The notes will only be offered to persons reasonably believed to be qualified institutional buyers pursuant to Rule 144A under the Securities Act. Neither the notes, nor any shares of PagerDuty’s common stock issuable upon conversion of the notes, have been registered under the Securities Act or any state securities laws, and unless so registered, may not be offered or sold in the United States absent registration or an applicable exemption from, or in a transaction not subject to, the registration requirements of the Securities Act and other applicable securities laws.
This press release is neither an offer to sell nor a solicitation of an offer to buy any securities, nor shall it constitute an offer, solicitation or sale of any securities in any state or jurisdiction in which such offer, solicitation or sale would be unlawful prior to the registration or qualification under the securities laws of any such state or jurisdiction.
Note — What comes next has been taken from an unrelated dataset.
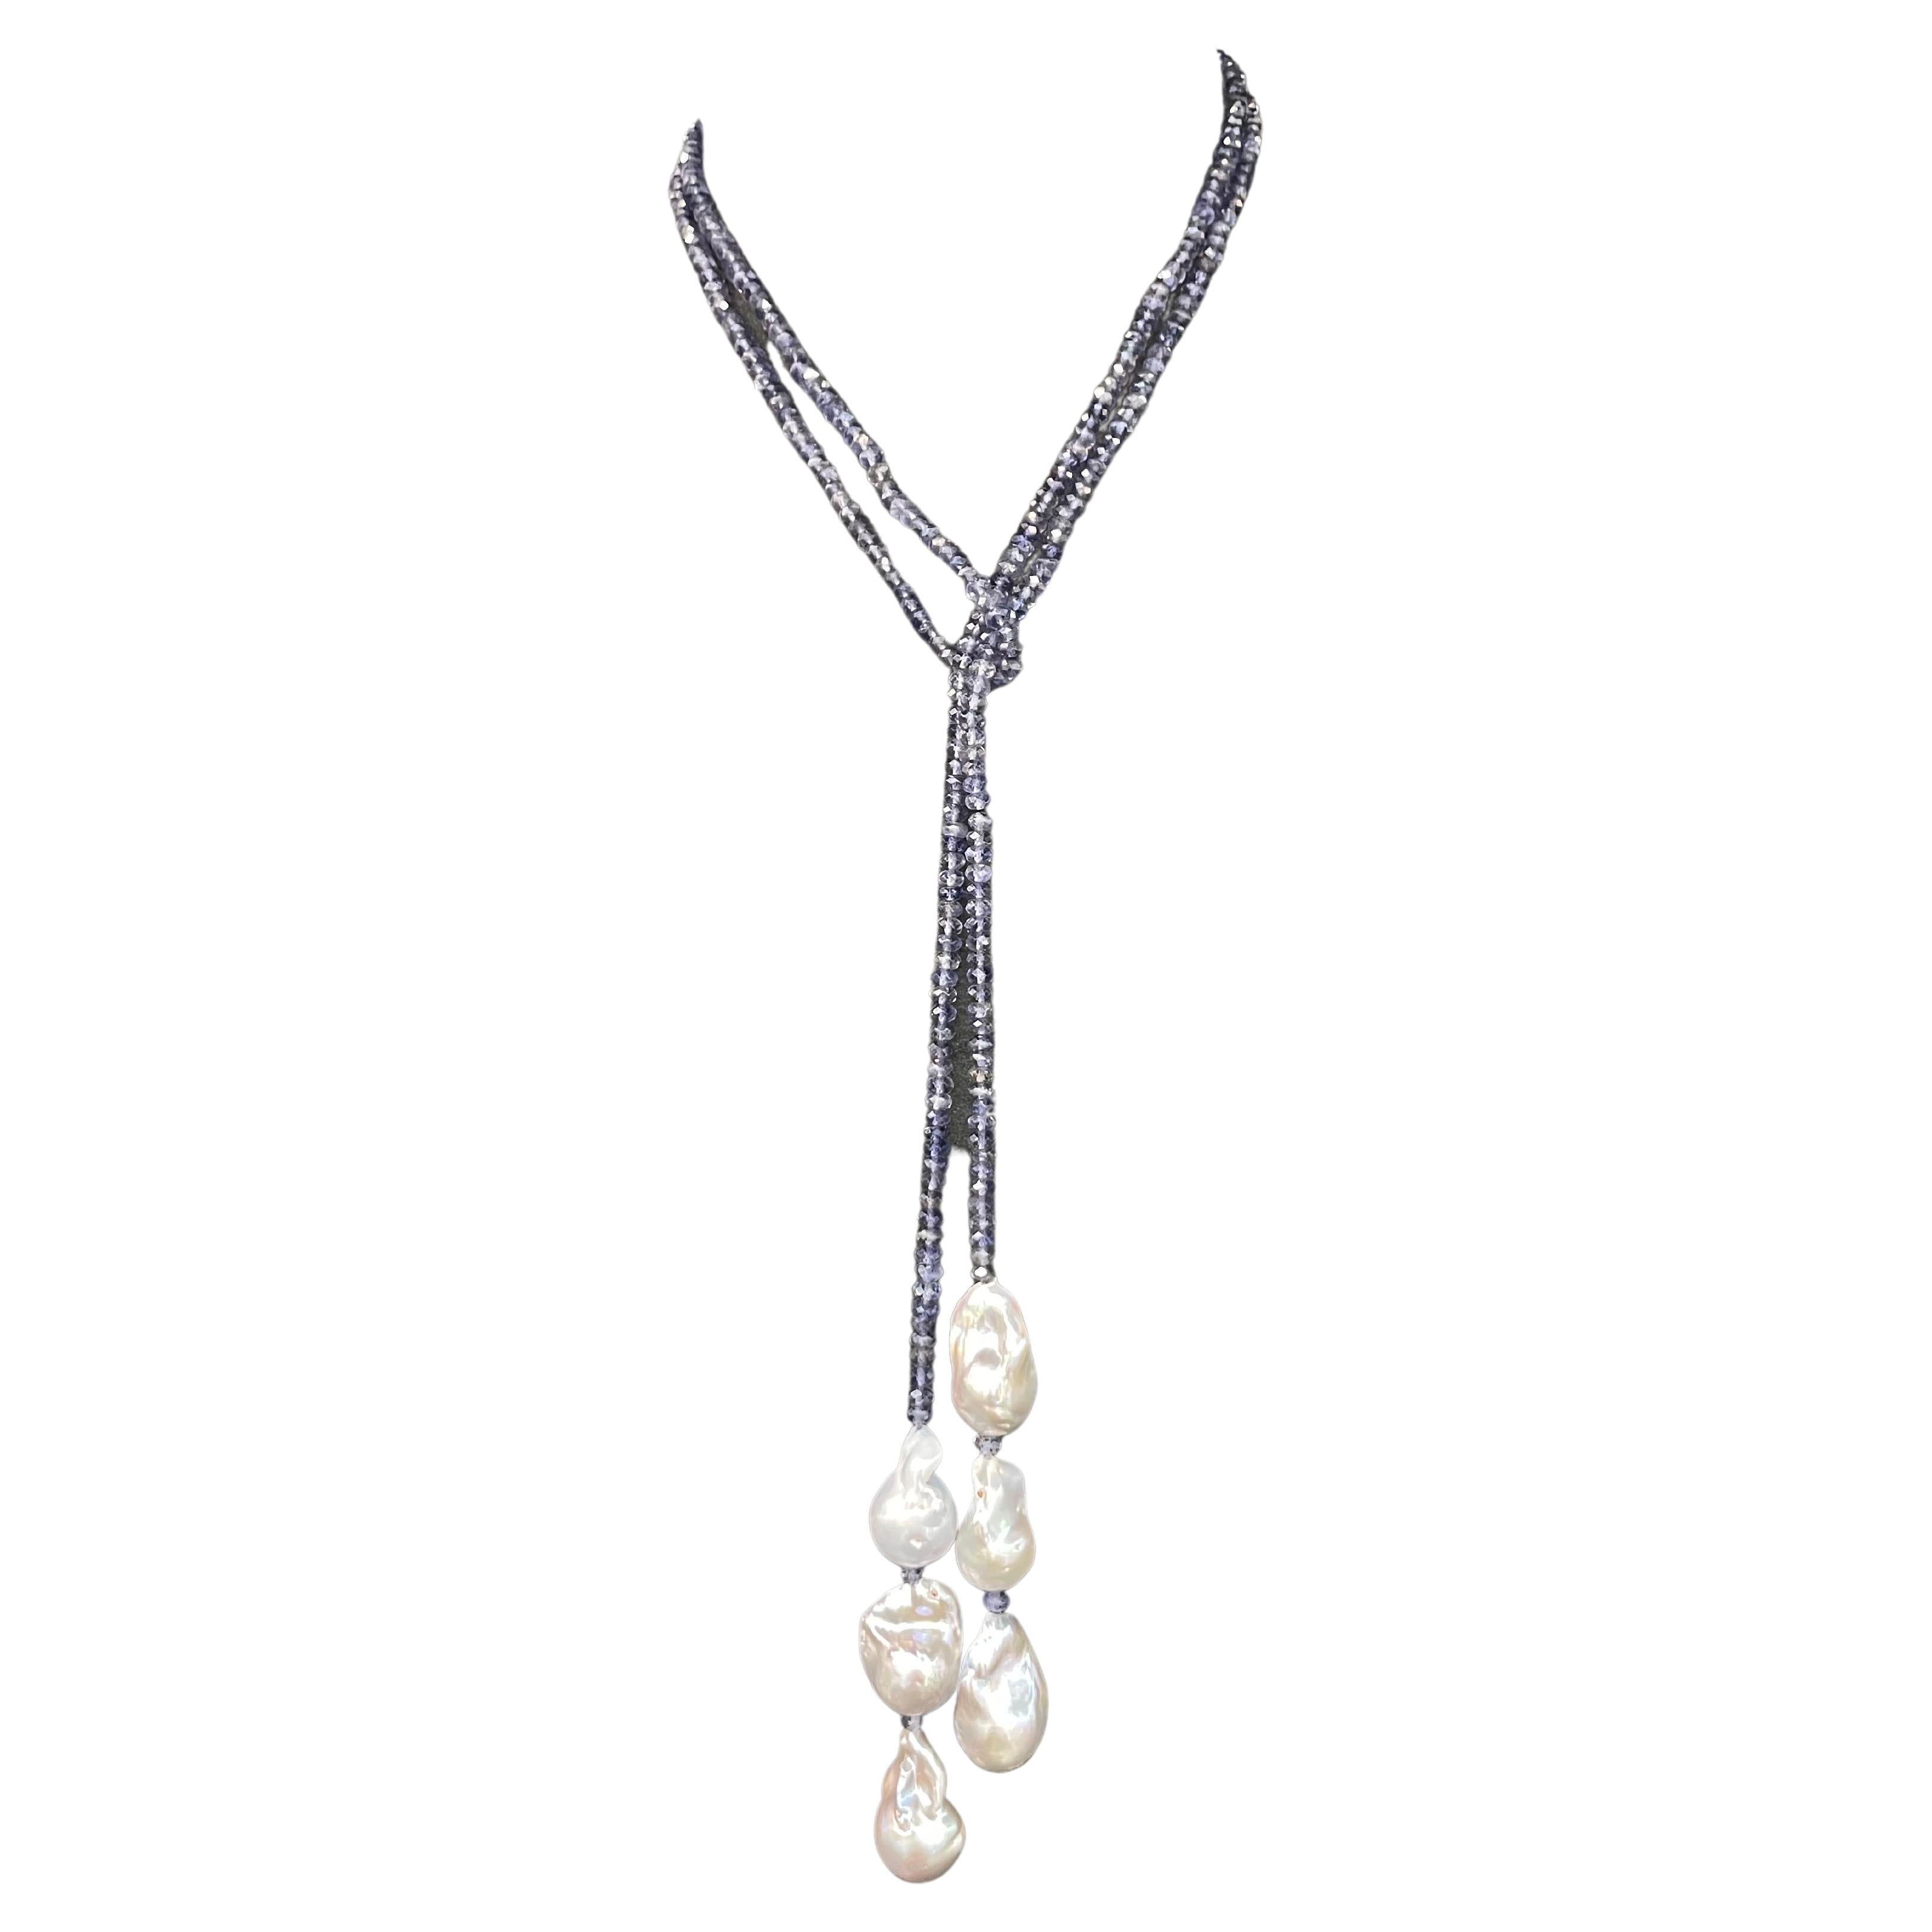 Halskette aus iolithgrauer Barockperlen mit Quaste, 50 Zoll lang

PagerDuty, Inc. (NYSE:PD) is a leader in digital operations management. In an always-on world, organizations of all sizes trust PagerDuty to help them deliver a perfect digital experience to their customers, every time. Teams use PagerDuty to identify issues and opportunities in real time and bring together the right people to fix problems faster and prevent them in the future.
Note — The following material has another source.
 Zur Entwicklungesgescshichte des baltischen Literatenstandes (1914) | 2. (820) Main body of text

Forward Looking Statements
This press release contains “forward-looking” statements, as that term is defined under the federal securities laws, including statements concerning the proposed terms of the notes and capped call transactions, the completion, timing and size of the proposed offering of the notes and capped call transactions, and the anticipated use of proceeds from the offering. Forward-looking statements are subject to a number of risks and uncertainties, many of which involve factors or circumstances that are beyond our control. Our actual results could differ materially from those stated or implied in forward-looking statements due to a number of factors, including but not limited to whether we will consummate the offering of notes on the expected terms or at all, which could differ or change based upon market conditions or for other reasons, and the other risks detailed in our Form 10-K filed with the Securities and Exchange Commission (“SEC”) for the year ended January 31, 2020, in our quarterly report on Form 10-Q for the quarter ended April 30, 2020 and in other filings and reports that we may file from time to time with the SEC. The forward-looking statements included in this press release represent our views as of the date of this press release. We anticipate that subsequent events and developments will cause our views to change. We undertake no intention or obligation to update or revise any forward-looking statements, whether as a result of new information, future events or otherwise. These forward-looking statements should not be relied upon as representing our views as of any date subsequent to the date of this press release.